The Nasher Museum of Art, like the old Duke University art museum, allows students to be involved not as volunteers or as visitors, but as security guards.

Though this job opportunity may be a sharp departure from the usual lab technician or TA positions typically sought, it is nothing new to Kimberly Rorschach, Nasher’s new director. As a previous director of the art museum at the University of Chicago, Rorschach employed both graduate and undergraduate students as security guards, following the example of many other university art museums. Student security guards work under the supervision of adult security professionals and undergo extensive training.

As an undergraduate at the University of Chicago and a current graduate student at Duke’s English department, Matthew Irvin has worked at both institutions’ art museums. “We take care of security things like making sure the doors are shut, making sure people aren’t touching artwork,” Irvin says.

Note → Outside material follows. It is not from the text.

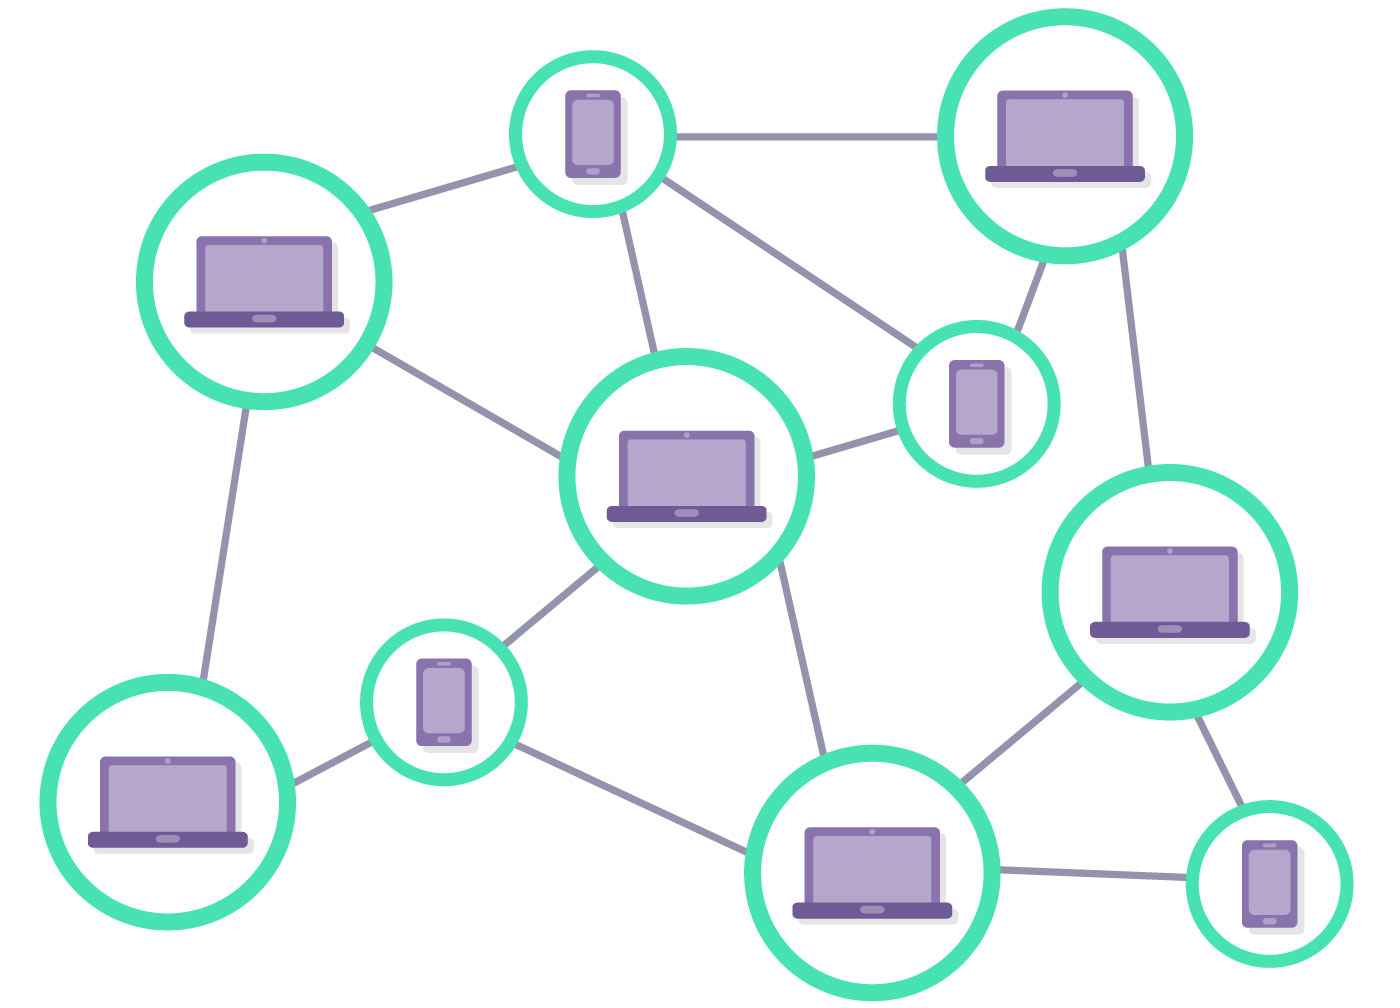 Blockchain as a peer-to-peer network
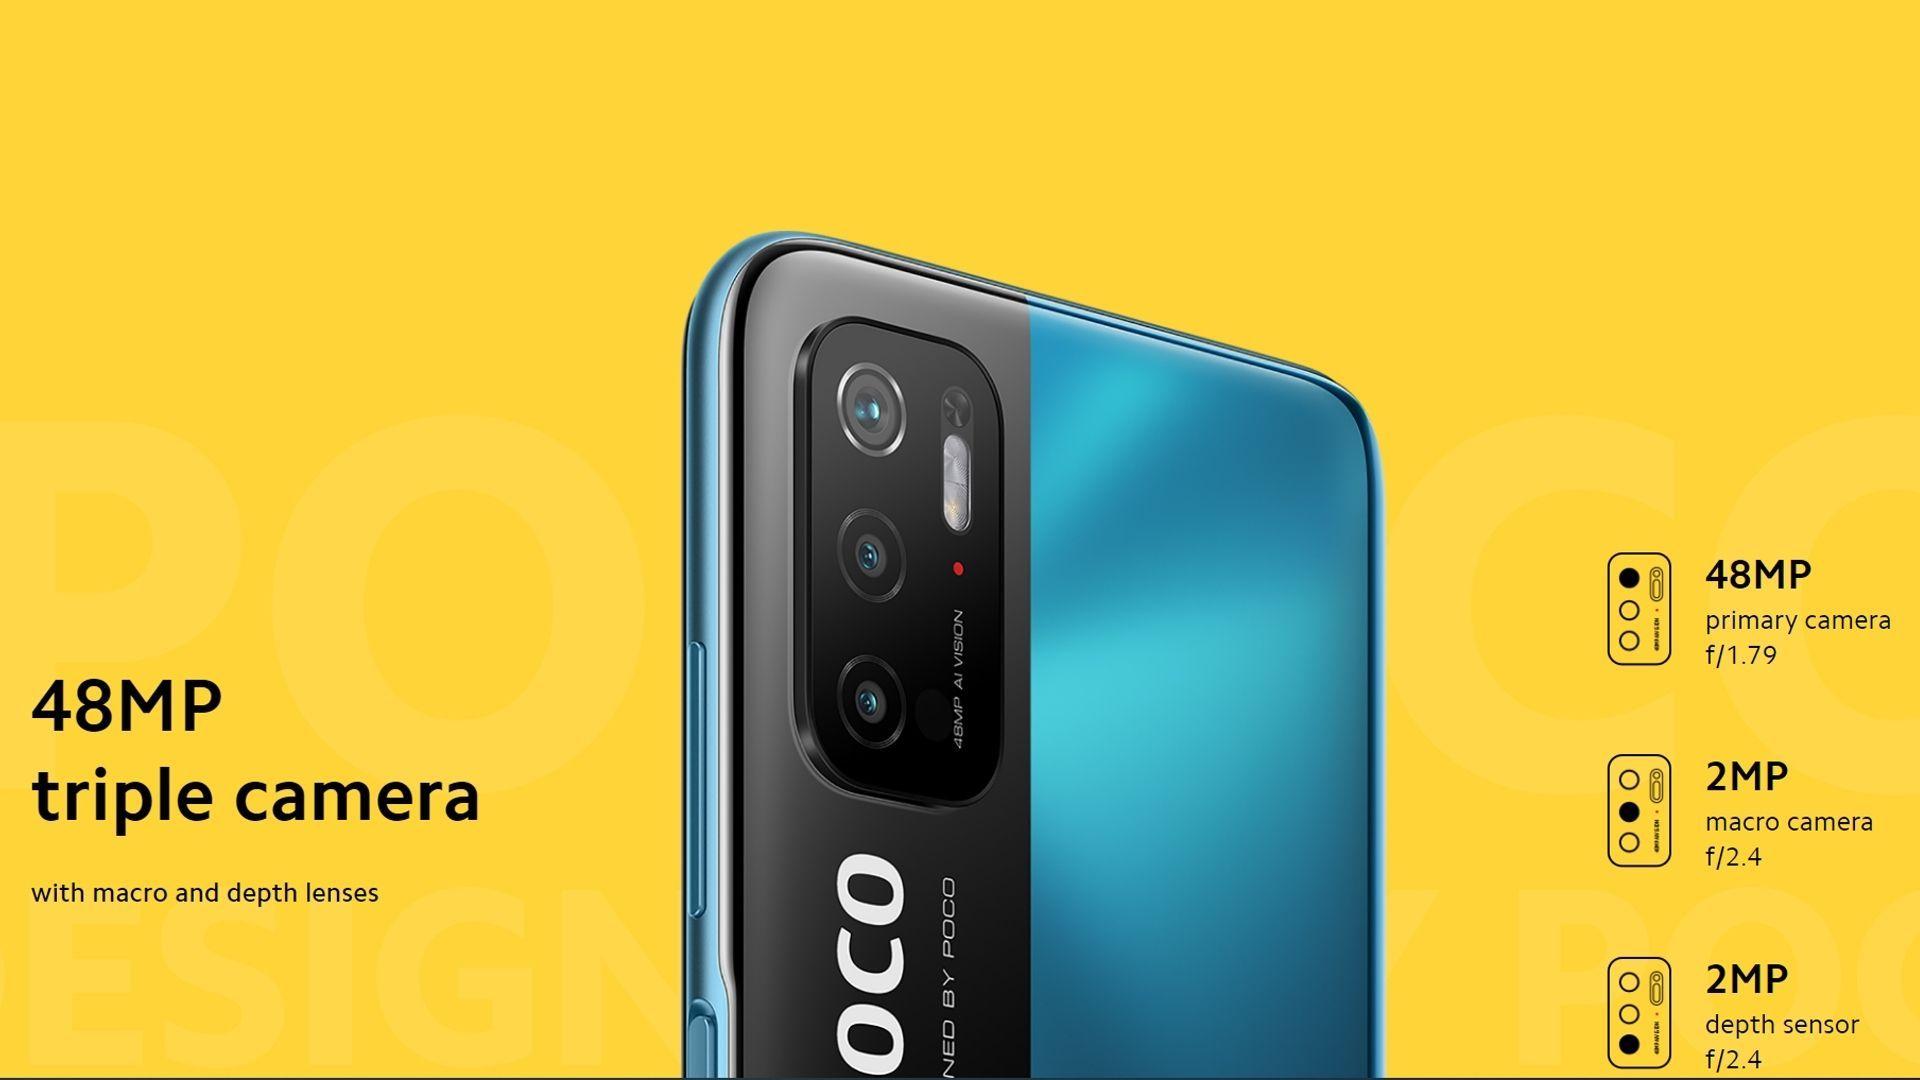 Conjunto de câmeras do Xiaomi POCO M3 Pro 5G. (Foto: Divulgação/Xiaomi)

In six years, Irvin has not encountered anything too hazardous. “The most I’ve had to do is to ask the parent of a little child climbing on some artwork to bring her down.” Anything more threatening is reported to the Duke police.

In Rorschach’s more than ten years of experience working with university student security guards, she has found them to be “at least as good, if not better than a ‘professional’ security guard.” Anticipating Nasher’s opening Oct. 2, Rorschach is “looking forward to getting [the] student guards up to speed and working with them.”